Tuesday, June 30, 2009

Why showering is overrated

How come when someone busts me on wearing the same outfit two days in a row or not showering I feel like I've done something horrible, when in fact, I have not. Not showering is ok. Actually, it's not really great for you to wash your body everyday. Your skin, like, hates it. So let's all make a pact that it's ok to not shower everyday (unless your job involves sweating all day). Whose in?

Monday, June 29, 2009

Am I right, or am I right?

In 'n Out burger is like the Pacific Ocean to me. It's very close, so I never go there.

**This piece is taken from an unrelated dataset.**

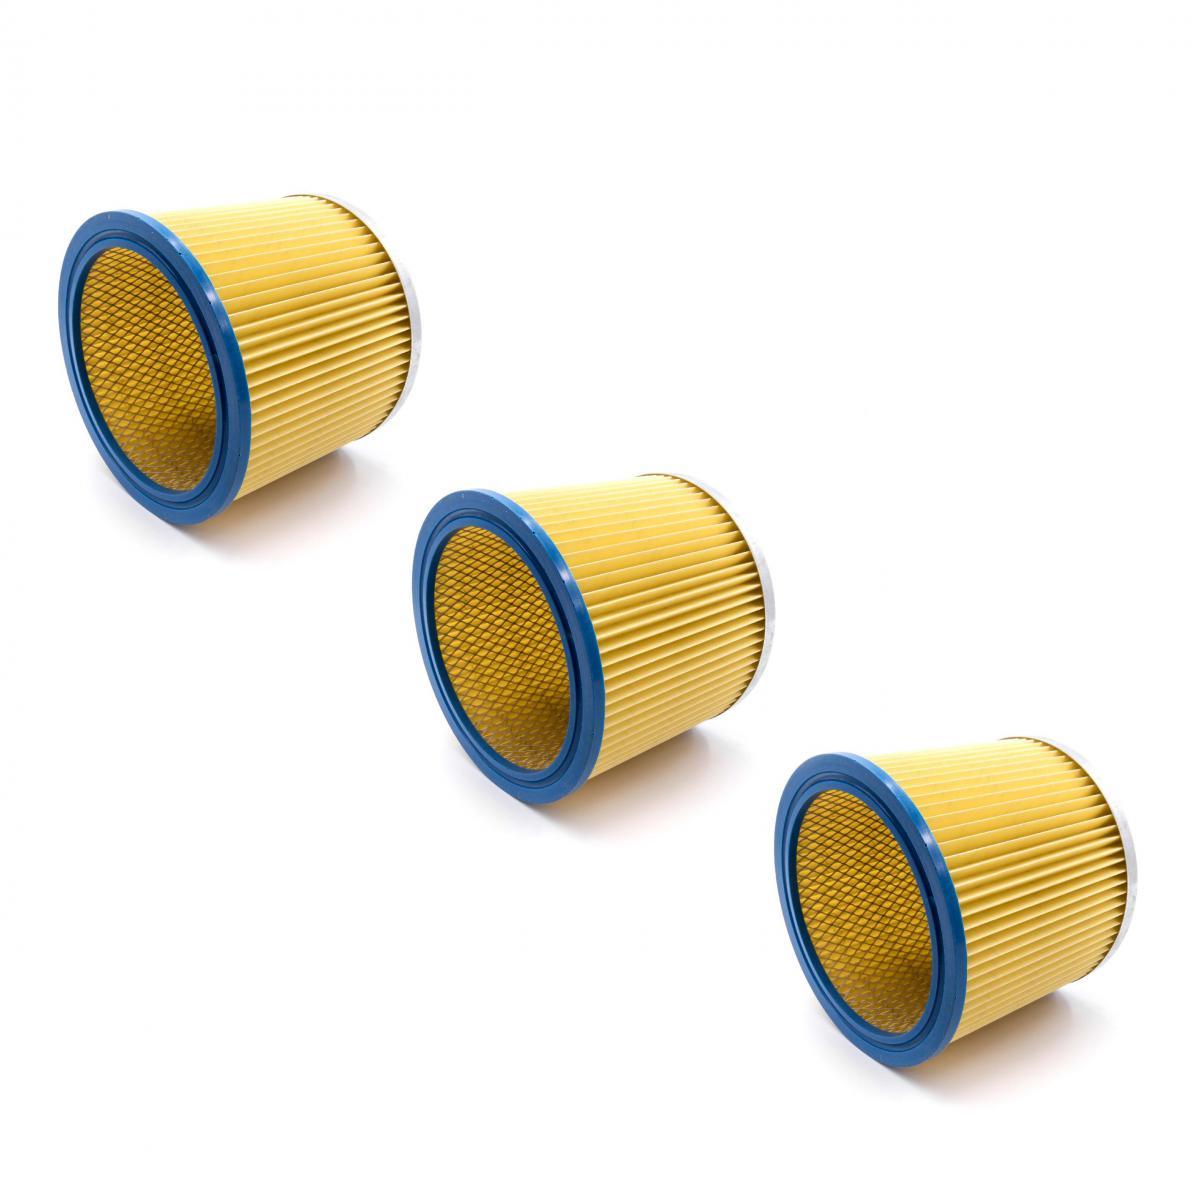 Vhbw vhbw® 3x Filtre rond / filtre en lamelles pour aspirateur, robot, aspirateur multifonctions Kärcher NT 221, NT221
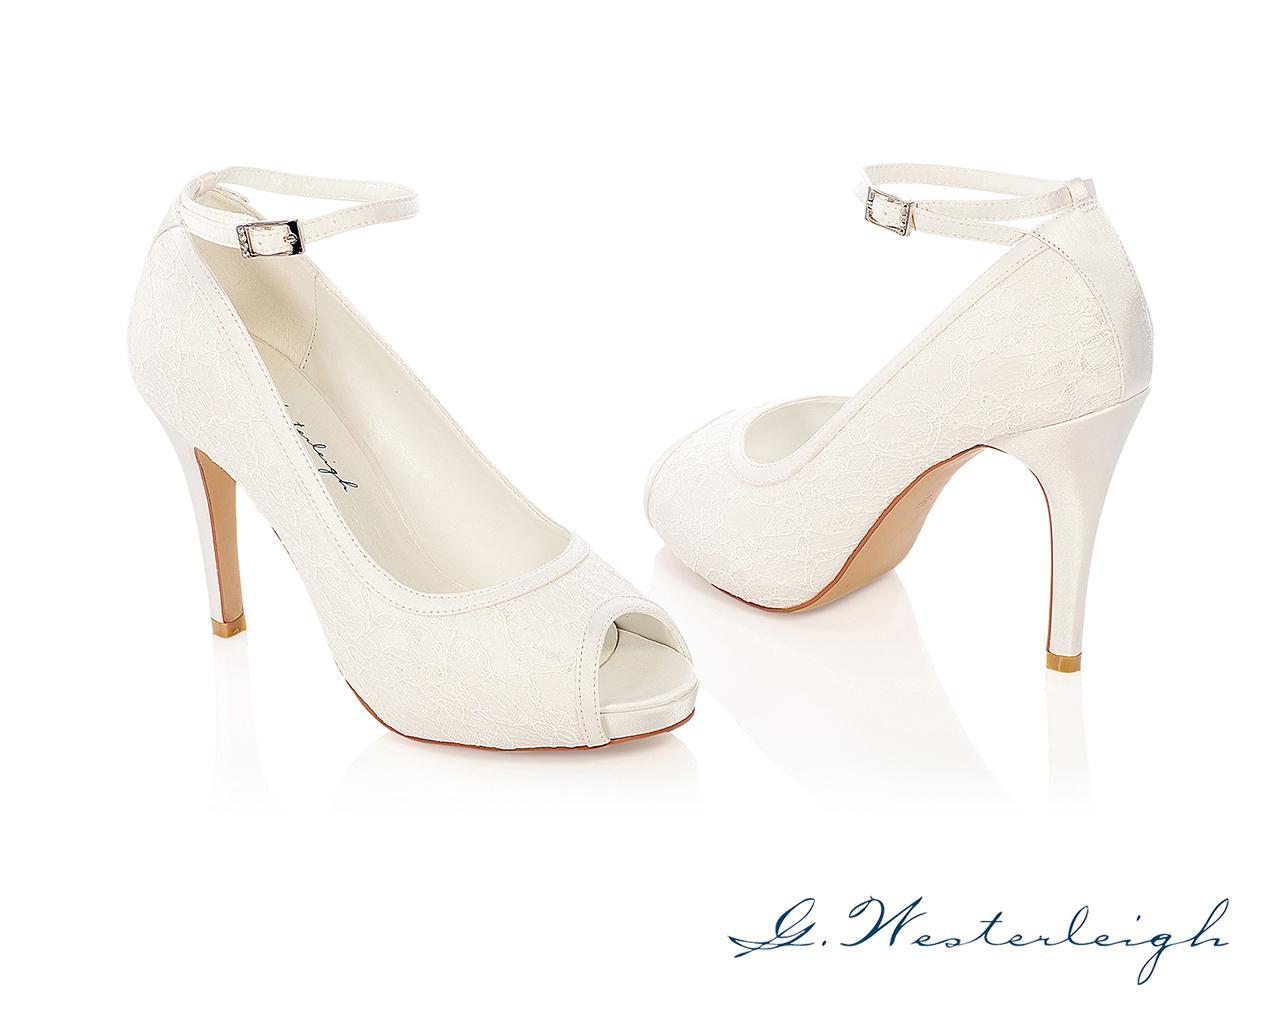 LEILA - Westerleigh cipő. 25.500 Ft. 11 cm sarok.

But as soon as I am away from it, I romanticize my relationship with it.

From Gibblertron

Thursday, June 25, 2009


This is the photo I took while trying to take a photo of a guy with a parrot on his shoulder while I was driving.
From Gibblertron Blog Photos

Wednesday, June 24, 2009

Oh no J Depp!

Look what this building did to Johnny Depp's beautiful face:

From Gibblertron Blog Photos

Monday, June 22, 2009

I love sleep

In the morning, when the alarm clock wakes me up, I curse it. Not like in my head, out loud. Cursing, raging, screaming “Why is this happening to me?”. Getting up in the morning is like having a cupcake ripped out of my mouth and having acid poured in its place. It’s awful. You know why? Cause sleep is brilliant.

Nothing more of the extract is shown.